Similarly, the media in India has been silent on the eviction drive in Kashmir. All the media outlets except a few independent outlets have defected to the government’s side. The independent media outlets are very cautious with their news reports as the government has filed many against all of them.
The state of media in India as well as Kashmir has made it impossible to get any news on Kashmir that is critical of the government.
Also Read: Lawlessness in Police Custody- Custodial Killings in Kashmir
Digitization and Privacy
Interestingly, the eviction drive came after the government digitized the land records. Nobody had thought the digitization of land records would be used to evict Kashmiri people from their homes. Now the government has said that it intends to give every family in Kashmir a unique number to identify it. The purpose of such an exercise is supposed to provide services in a hassle-free manner. However, the Kashmiri people cannot believe any such word from the government.
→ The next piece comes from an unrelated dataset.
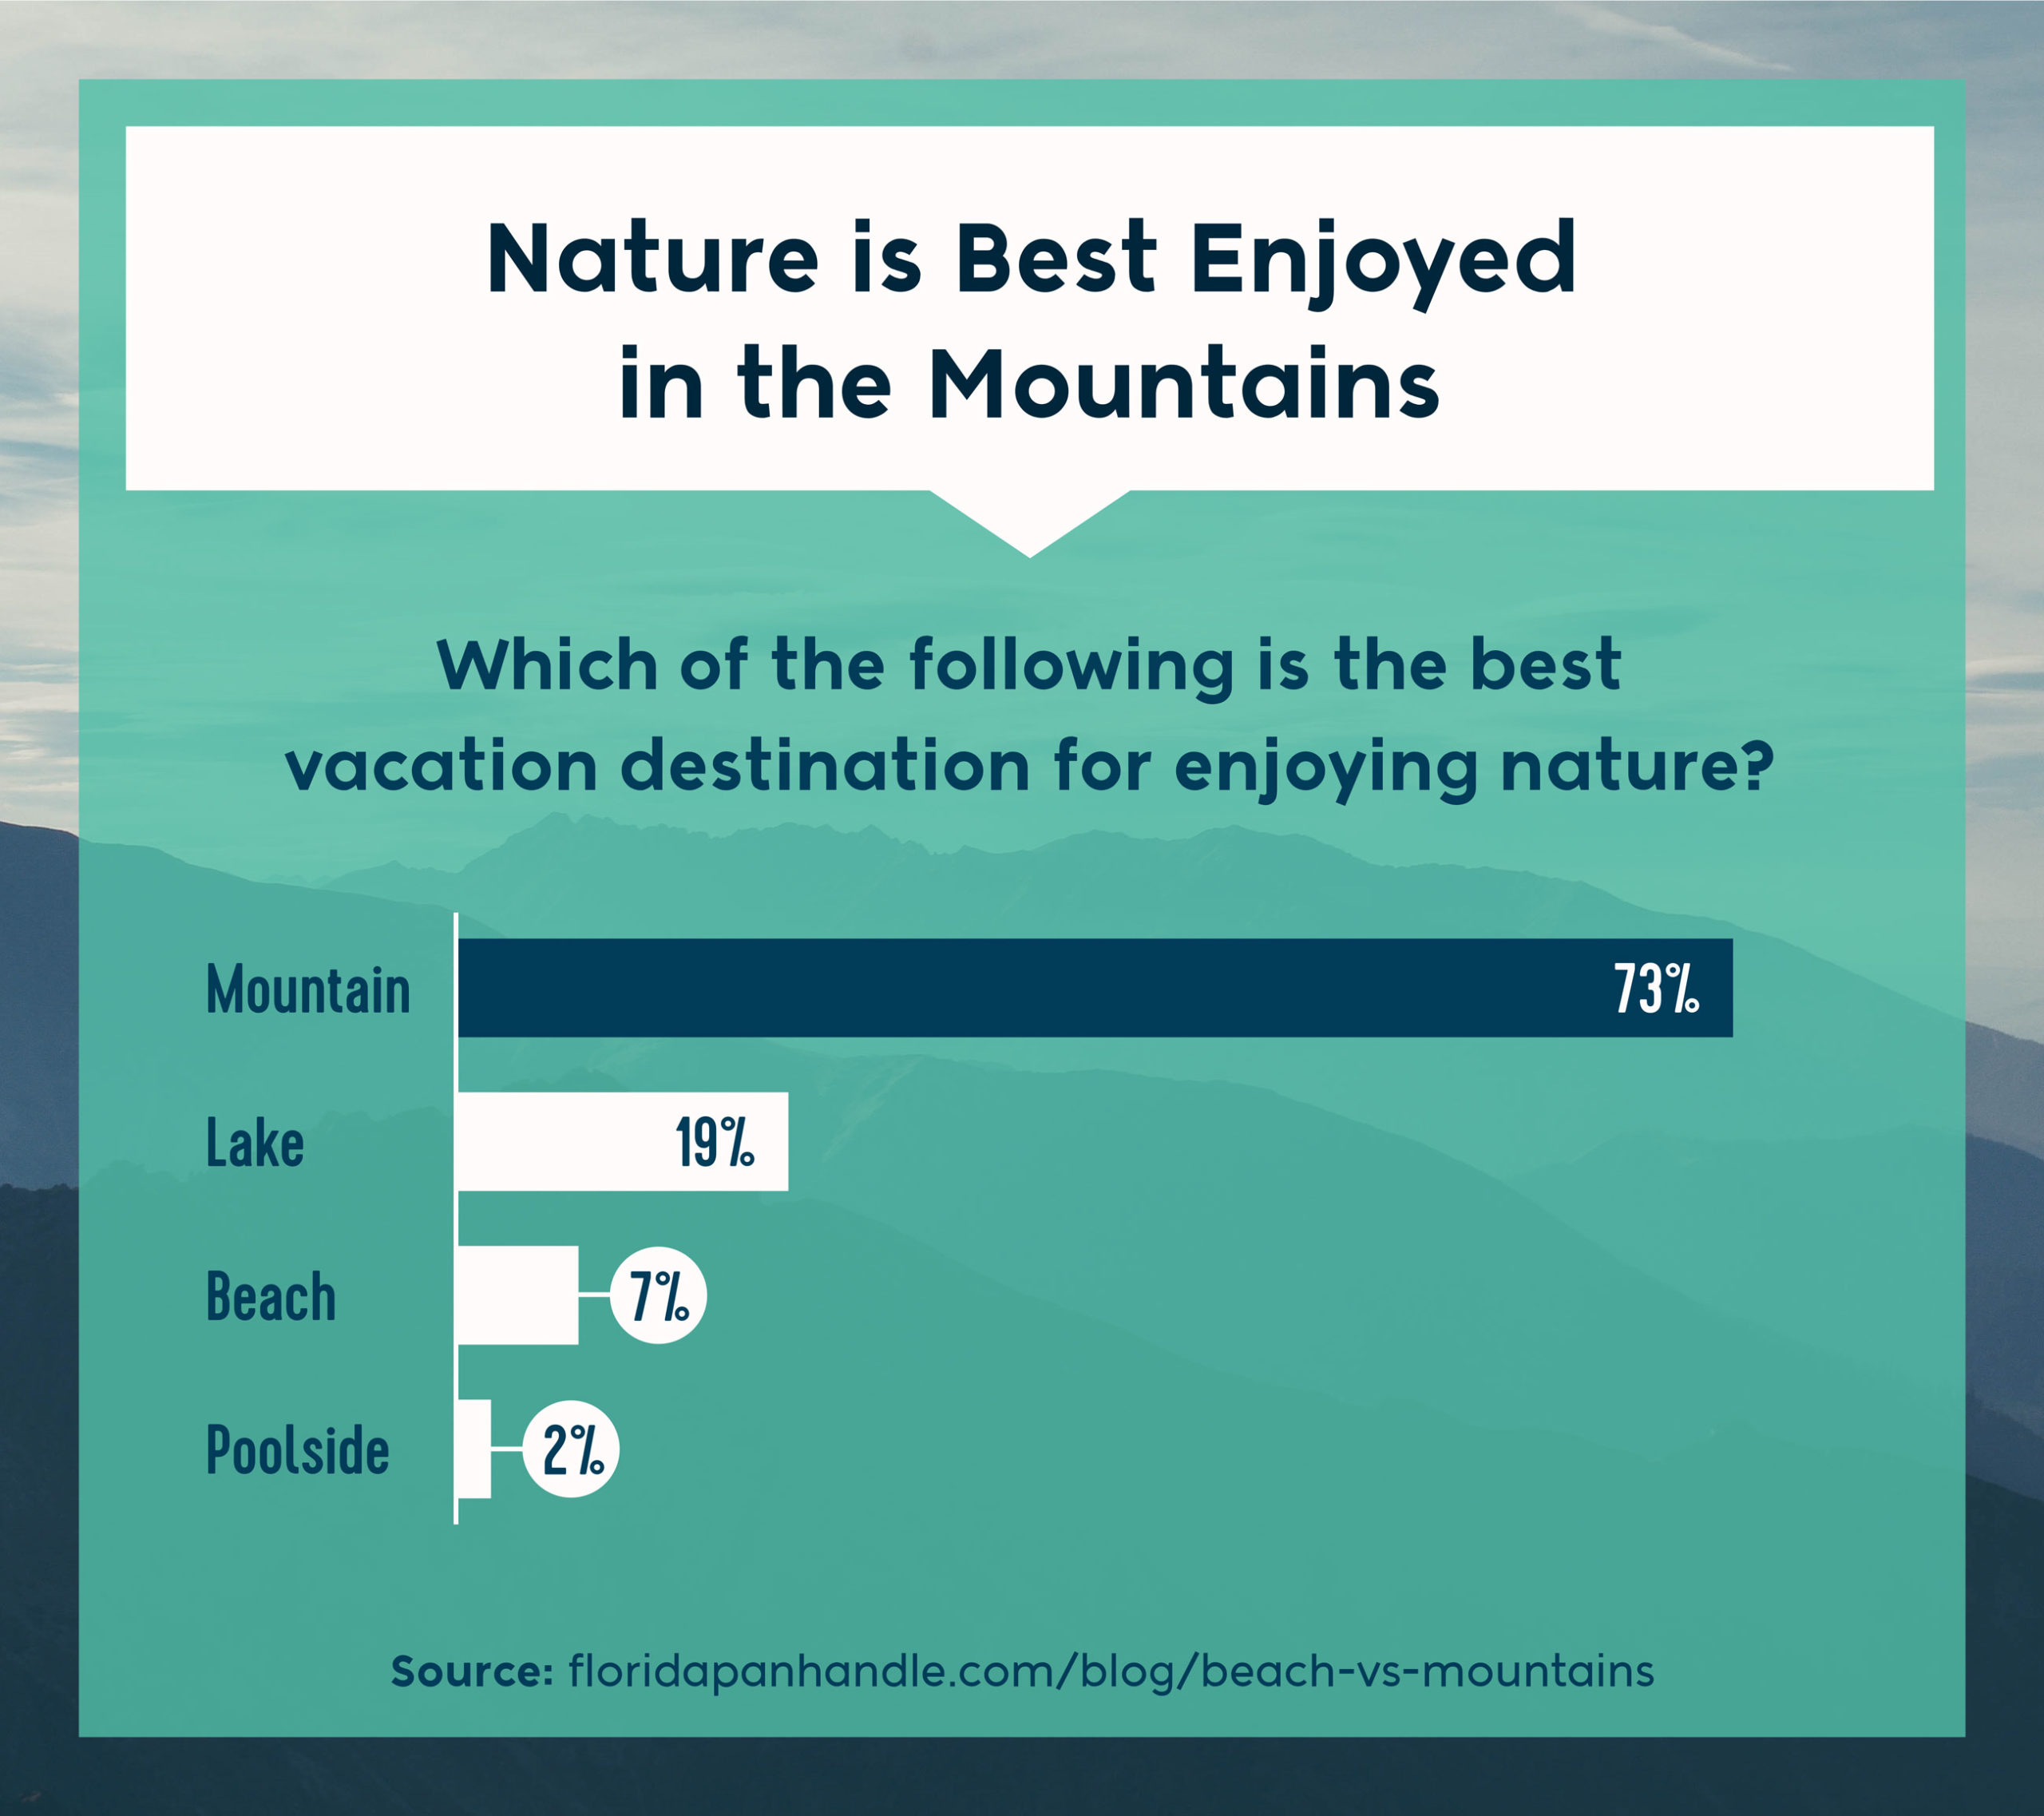 which of the following is the best vacation destination for enjoying nature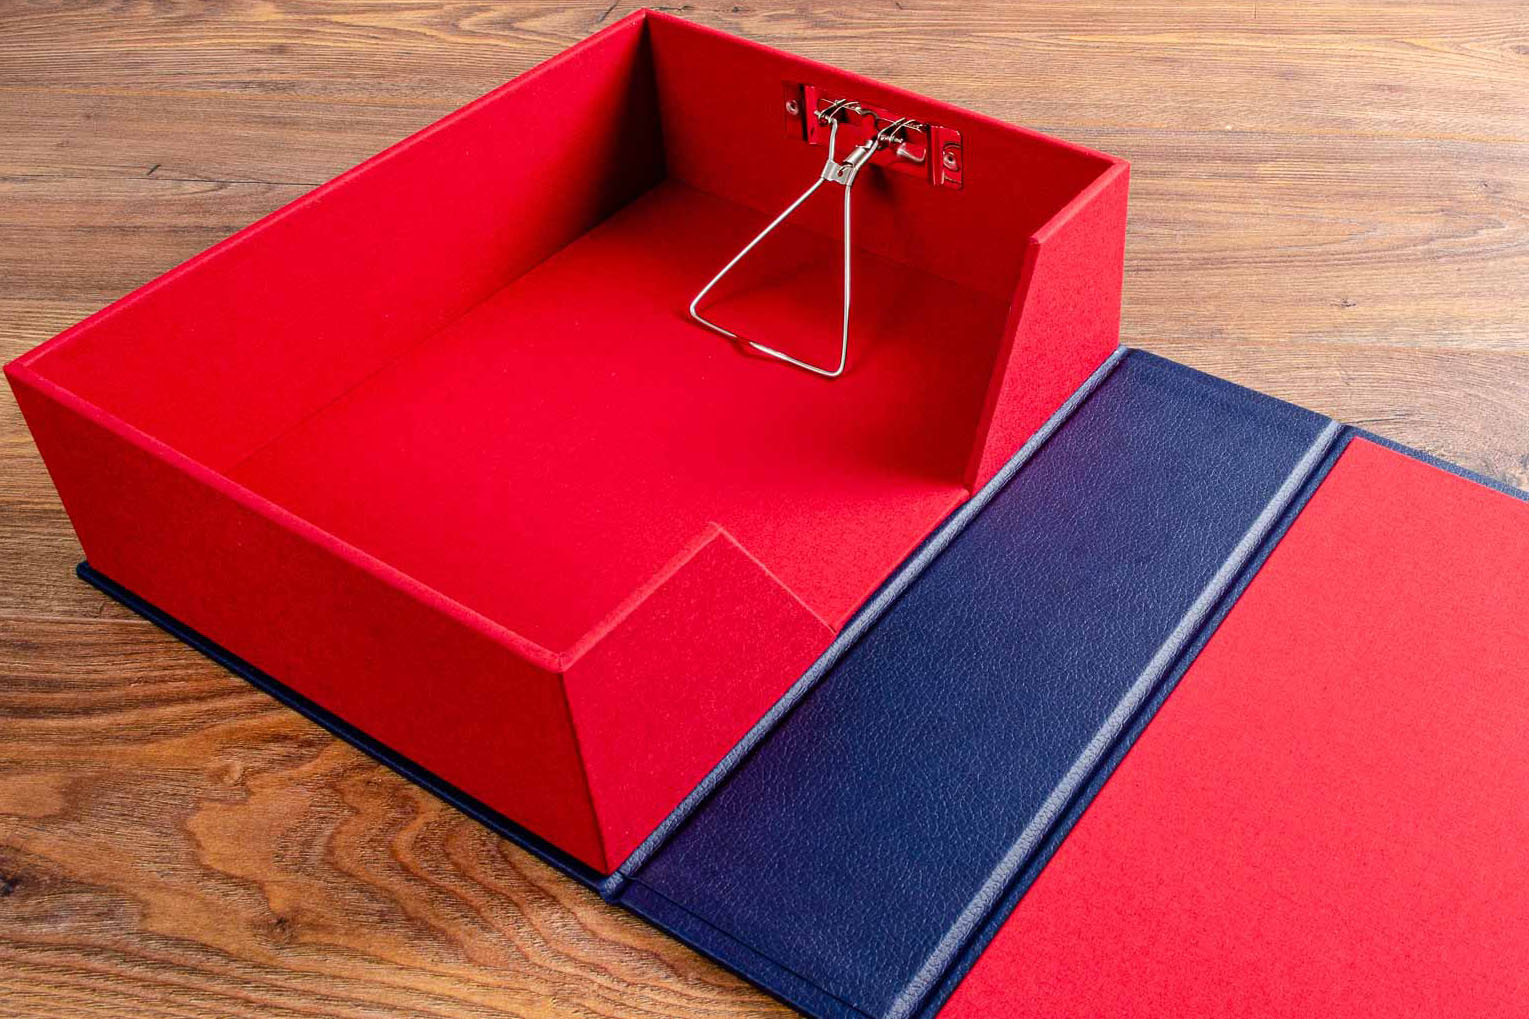 Customised box binder with navy leather wrap

It would interfere with the privacy of the people and would lead to dislodging of the Kashmiri people.
The eviction drive is one of the many inhuman policies that the Indian government has implemented in Kashmir. Before the eviction drive, the government brought a media policy in order to silence the media. Similarly, the properties of people who are supposedly anti-nationals were seized earlier by the government. Many people are in jail for alleged anti-national activities. The Indian government is not going to stop here and will come up with other policies in future to make sure Kashmiri people are completely disempowered.